More than a decade ago, I launched the forerunner to SD-WAN Experts, MPLS Experts, on a project to China. Back then finding out telecom services in another country, let alone another continent, seemed like a mission impossible. China was among the most difficult.
Much has changed in our industry. MPLS has given way to SD-WAN, but some things remain the same. We still need global connectivity and China continues to remain a mystery. My story about China blocking VPN traffic – and potentially SD-WAN traffic – caused quite a stir in the industry, in large part because, like so many things when dealing with China, concrete information remains scarce (particularly for non-native speakers).
To recap: According to a notice China Telecom send to one of my customers, the Chinese Government will require commercial Chinese ISPs to block TCP ports 80, 8080, and 443 by January 11, 2018. Port 80 is of course the TCP port commonly used for carrying HTTP traffic; 8080 and 443 are used for carrying HTTPS traffic.
“I’ve also seen similar notices from China Telecom circulated on social media,” Yuan Yang, the Beijing correspondent for the Financial Times, wrote to me in an email. Commercial ISP customers interested in maintaining access to those ports must register or apply to re-open the port through their local ISP.
Now, we know that China policy blocks some traffic. That’s not new. In June of 2017, several sources reported that China would be blocking consumer VPN traffic. There would be crackdowns on accessing the Internet beyond the Great Firewall – the world’s most sophisticated state-censorship operation, which employs at least 2 million online censors.
What’s new here are the specifics. China Telecom will be blocking traffic from commercial users starting today. What exactly is a commercial user? What’s the scope of the regulation?
The focus on “commercial users” is particularly important. There are some who’ve suggested that the notice is only targeting external use — companies who sell internet-based services.
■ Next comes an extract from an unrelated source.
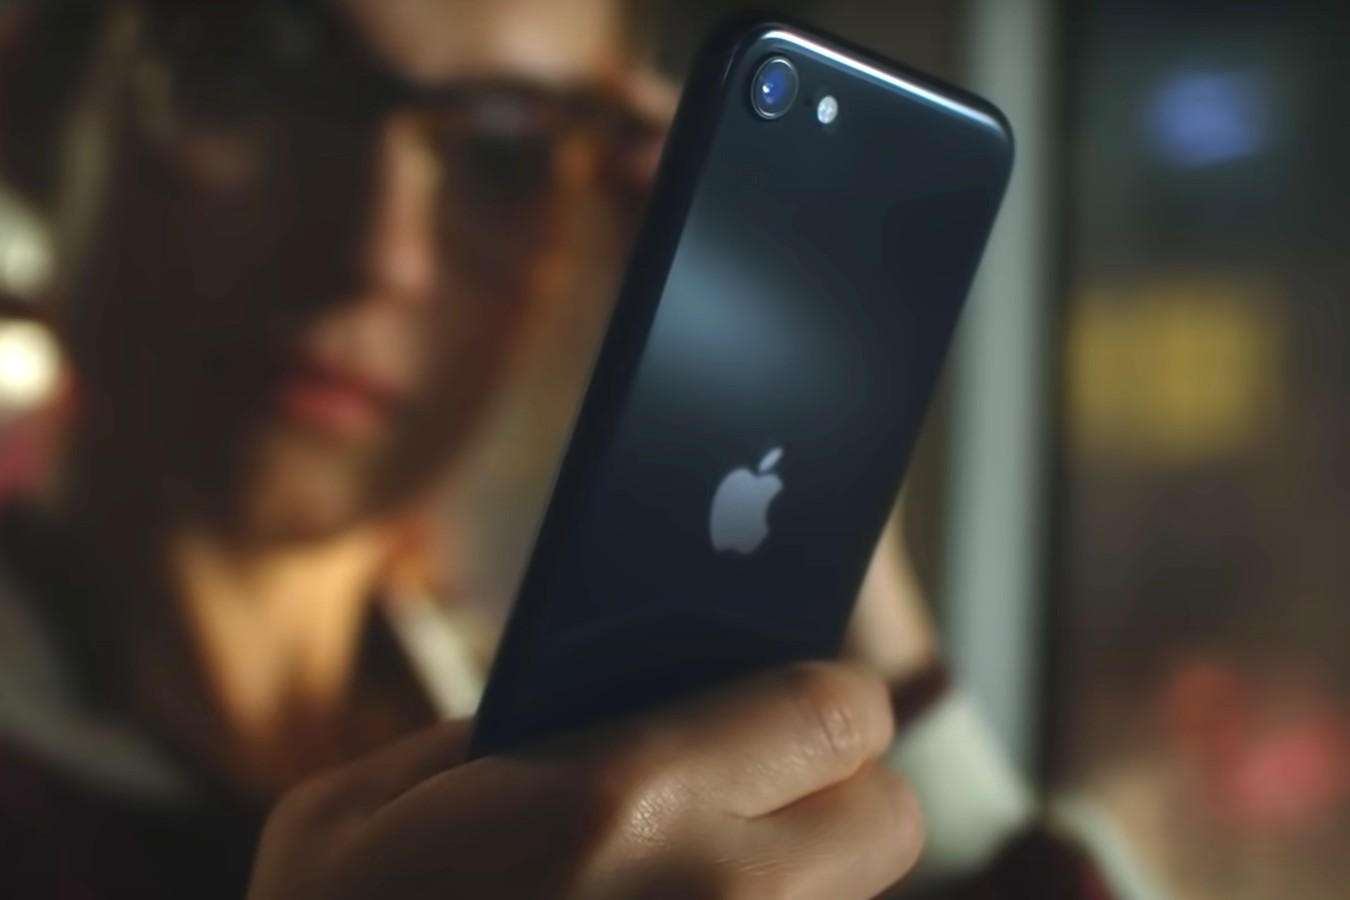 Apple iPhone SE 2020: Price, specs and best deals

The Chinese regs (thank you Google Translate) discuss how Internet information service providers (which are different from Internet service providers) must register or else be blocked by their ISPs.
The notice I found is effective January 1, 2018. Close to, but not quite the February 1 deadline. (I’m hardly a Chinese telecom lawyer and am the first to admit that my reading of this regulation might be wrong.)
Yang suspects the same. “The Shanghai Telecom notice you forwarded me lightly suggests the same, since it asks companies to provide their ICP license – only internet companies would usually consider applying for an ICP license. But it’s not conclusive as to who it’s addressed at,” she says.
If indeed only “Internet companies” are being targeted – and by that we mean companies selling goods and services to online customers – then IT managers may be able to breathe a sigh of relief. I’m still uncertain how many companies who don’t sell anything online, but if the description is accurate, at least as far as SD-WAN systems are concerned, IT operations should remain unaffected in most cases.
SD-WAN appliances are typically used within companies, which would put them outside of regulatory scope. That’s good, since they rely on Internet access to some degree, blocking 443 (and certainly port 80 and 8080) would most likely disrupt many SD-WAN solutions.
Even hybrid WANs that mix MPLS and Internet could be impacted, at least indirectly. They’ll work fine for those applications running across the private data service, but will be disrupted when failing over to the Internet or sending traffic across the encrypted Internet tunnel as the primary traffic driver. If the regulations do not target internal use, though, then SD-WANs site-to-site VPNs run by companies should not face a problem.
Sounds good, right? But here’s the rub: my customer isn’t an “internet” company. It’s also not unique in receiving such as notice. “I have also heard of non-internet companies that have been affected,” wrote Yang.
As it turns out there are cases when “non-internet” companies have registered their VPNs. As I was finishing up on this blog, Yang wrote back with the following:
“I spoke to a western multinational in Beijing (a professional services firm not an internet/tech-related company) who had successfully registered their company-internal VPN with the authorities a couple of years ago, when the regulations over VPNs first came out. The registration process was NOT the same as the ICP licensing process. So, it is possible to register your company-internal VPN.”
A bit lost? You’re not alone. “I have spoken to tech lawyers in Beijing who have also said their clients are confused.” So am I, to be honest.
And there’s more. Is the regulation only blocking those ports within China or will traffic exiting China on those ports also be subject to the regulations? Difficult to say. One way around the issue would seem to use private data service, such as a leased line or MPLS circuit. China Telecom (not surprisingly) offers such a service.
But that’s hardly a solution. MPLS services are expensive, cumbersome to deploy, and the Chinese government still has the right to inspect your traffic. The whole point for SD-WAN is to move away from private data services not adopt them. Besides, it’ll probably take you longer to get your MPLS circuit deployed than it will to find out the scope of the regulation.
In my last article, I recommended you check with your provider. I still think that’s sound advice. And sit tight for now before racing off for a technology decision that might constrain you going forward.
The mystery should start clearing up very soon.